Thurner Annette, Peter Dominik, Flemming Sven, Kickuth Ralph
Department of Diagnostic and Interventional Radiology, University Hospital Würzburg, Germany.
Department of General, Visceral, Transplantation, Vascular and Pediatric Surgery, University Hospital Würzburg, Germany.
Vasa. 2025 Sep;54(5):322-330. doi: 10.1024/0301-1526/a001204. Epub 2025 May 28.

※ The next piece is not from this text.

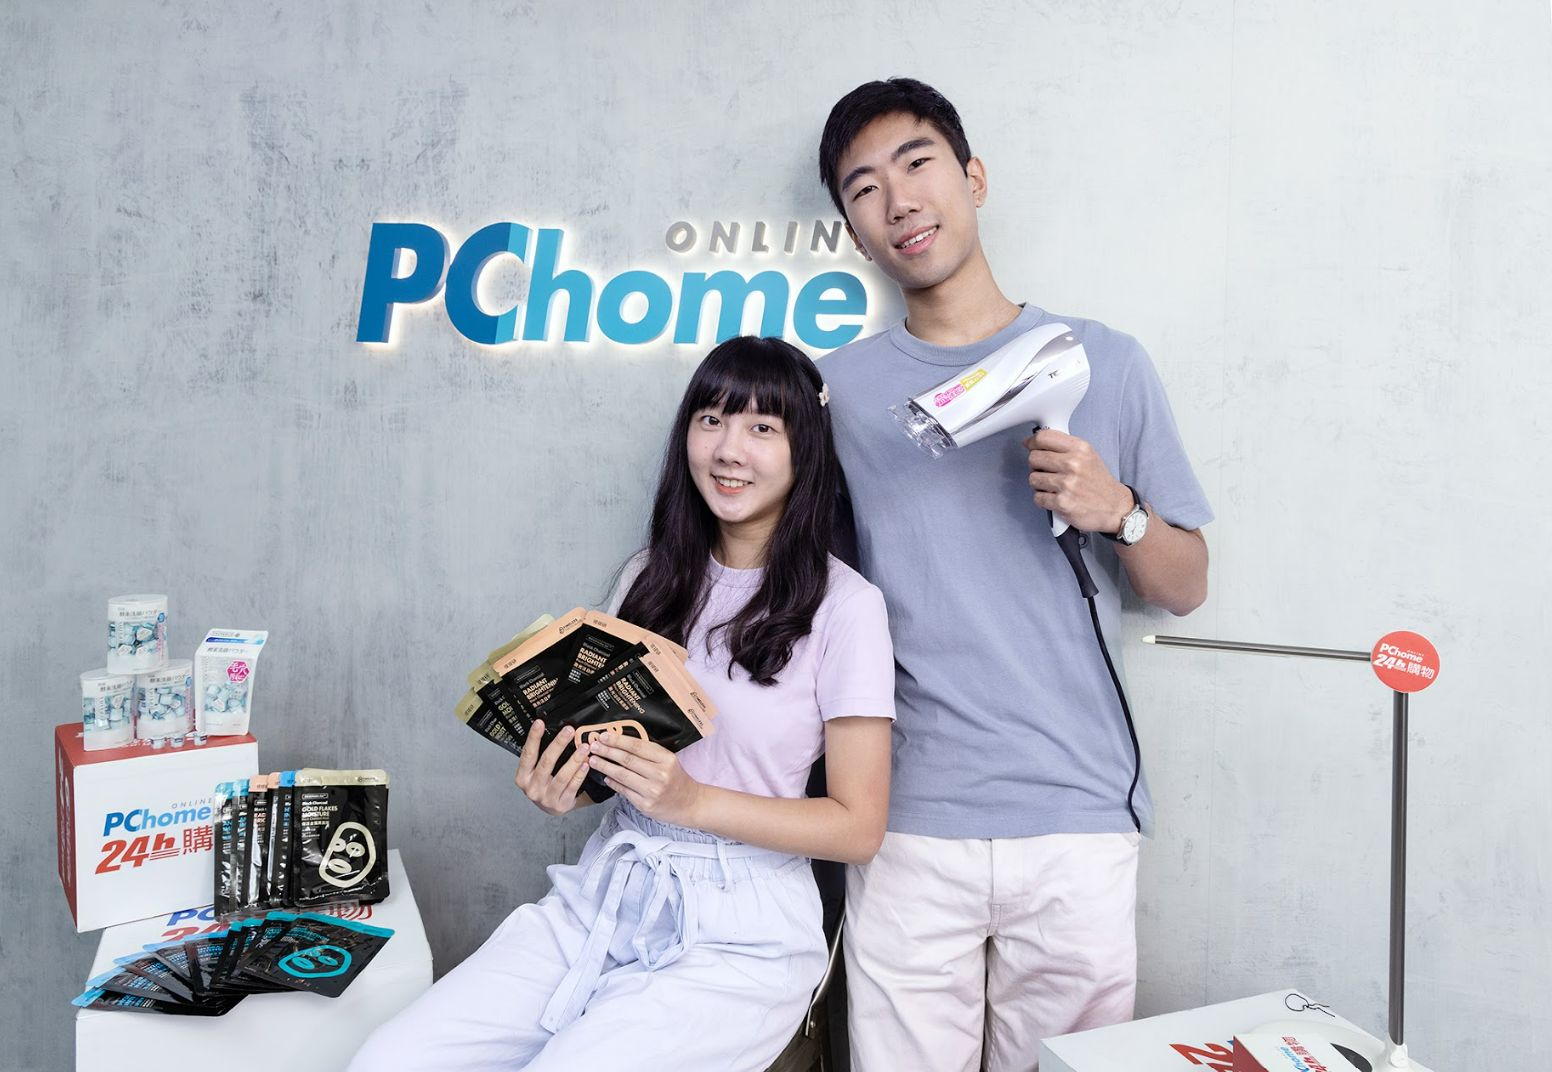 PChome Is Absolutely the Best Option for 3C Shoppers! PChome 24h Shopping Offers up to 75% off Discount for the New Semester Season

Experience on endovascular inferior mesenteric artery (IMA) revascularisation for atherosclerotic chronic mesenteric ischaemia (CMI) is limited and its clinical benefit remains uncertain. This retrospective single-centre study included 12 patients with CMI who underwent endovascular IMA revascularisation between January 2014 and January 2024. Indications were: (1) IMA stenosis with endoscopically confirmed colonic ischaemia, (2) IMA stenosis with retrograde filling of a proximally occluded superior mesenteric artery ineligible for revascularisation, and (3) overall improvement of collateralisation in critical CMI due to multi-vessel disease. Technical success, clinical success and primary clinical patency were assessed. Procedure-related adverse events, symptom recurrence, mortality and survival rates were also analysed. Seven isolated IMA interventions and five IMA revascularisations as part of a multi-vessel approach were performed. Balloon-expandable stents were used in 11 cases; one patient underwent balloon angioplasty with intravascular lithotripsy. Technical success was 83% (10/12); two cases had >50% residual stenosis due to annular aortic calcification impeding stent expansion. Median final residual stenosis was 27% (IQR 23.5). Four minor procedure-related adverse events occurred. Clinical success was 92% (11/12). Median follow-up was 17 months (IQR 20.7). The all-cause mortality rate was 25% (3/12). The mesenteric ischaemia-related mortality rate was 8% (1/12). The symptom recurrence rate was 33% (4/12). At 6 and 12 months, primary clinical patency rates were 71% and 54%, and survival rates were 83% and 72%. Endovascular IMA revascularisation is a viable treatment for CMI in selected scenarios where other options are inappropriate. Despite the specific calcification pattern at the IMA origin predisposing to residual stenosis, most patients had symptom resolution and acceptable clinical patency with low recurrence and mortality rates. However, 33% of patients had early symptom recurrence requiring treatment. It remains difficult to assess whether IMA revascularisation is curative or a bridge to open revascularisation.
关于血管内肠系膜下动脉(IMA)血运重建治疗动脉粥样硬化性慢性肠系膜缺血(CMI)的经验有限,其临床益处仍不确定。这项回顾性单中心研究纳入了12例在2014年1月至2024年1月期间接受血管内IMA血运重建的CMI患者。适应症包括:(1)经内镜证实有结肠缺血的IMA狭窄;(2)IMA狭窄且近端闭塞的肠系膜上动脉逆行充盈,不适合进行血运重建;(3)因多支血管病变导致的严重CMI中侧支循环的整体改善。评估了技术成功率、临床成功率和原发性临床通畅率。还分析了与手术相关的不良事件、症状复发、死亡率和生存率。共进行了7例单纯IMA干预和5例作为多支血管治疗一部分的IMA血运重建。11例使用了球囊扩张支架;1例患者接受了球囊血管成形术联合血管内碎石术。技术成功率为83%(10/12);2例由于环状主动脉钙化阻碍支架扩张,残留狭窄>50%。最终残余狭窄的中位数为27%(四分位间距23.5)。发生了4例与手术相关的轻微不良事件。临床成功率为92%(11/12)。中位随访时间为17个月(四分位间距20.7)。全因死亡率为25%(3/12)。肠系膜缺血相关死亡率为8%(1/12)。症状复发率为33%(4/12)。在6个月和12个月时,原发性临床通畅率分别为71%和54%,生存率分别为83%和72%。在其他选择不合适的特定情况下,血管内IMA血运重建是CMI的一种可行治疗方法。尽管IMA起始处的特定钙化模式易导致残留狭窄,但大多数患者症状缓解,临床通畅情况可接受,复发率和死亡率较低。然而,33%的患者早期症状复发需要治疗。仍然难以评估IMA血运重建是治愈性的还是开放血运重建的桥梁。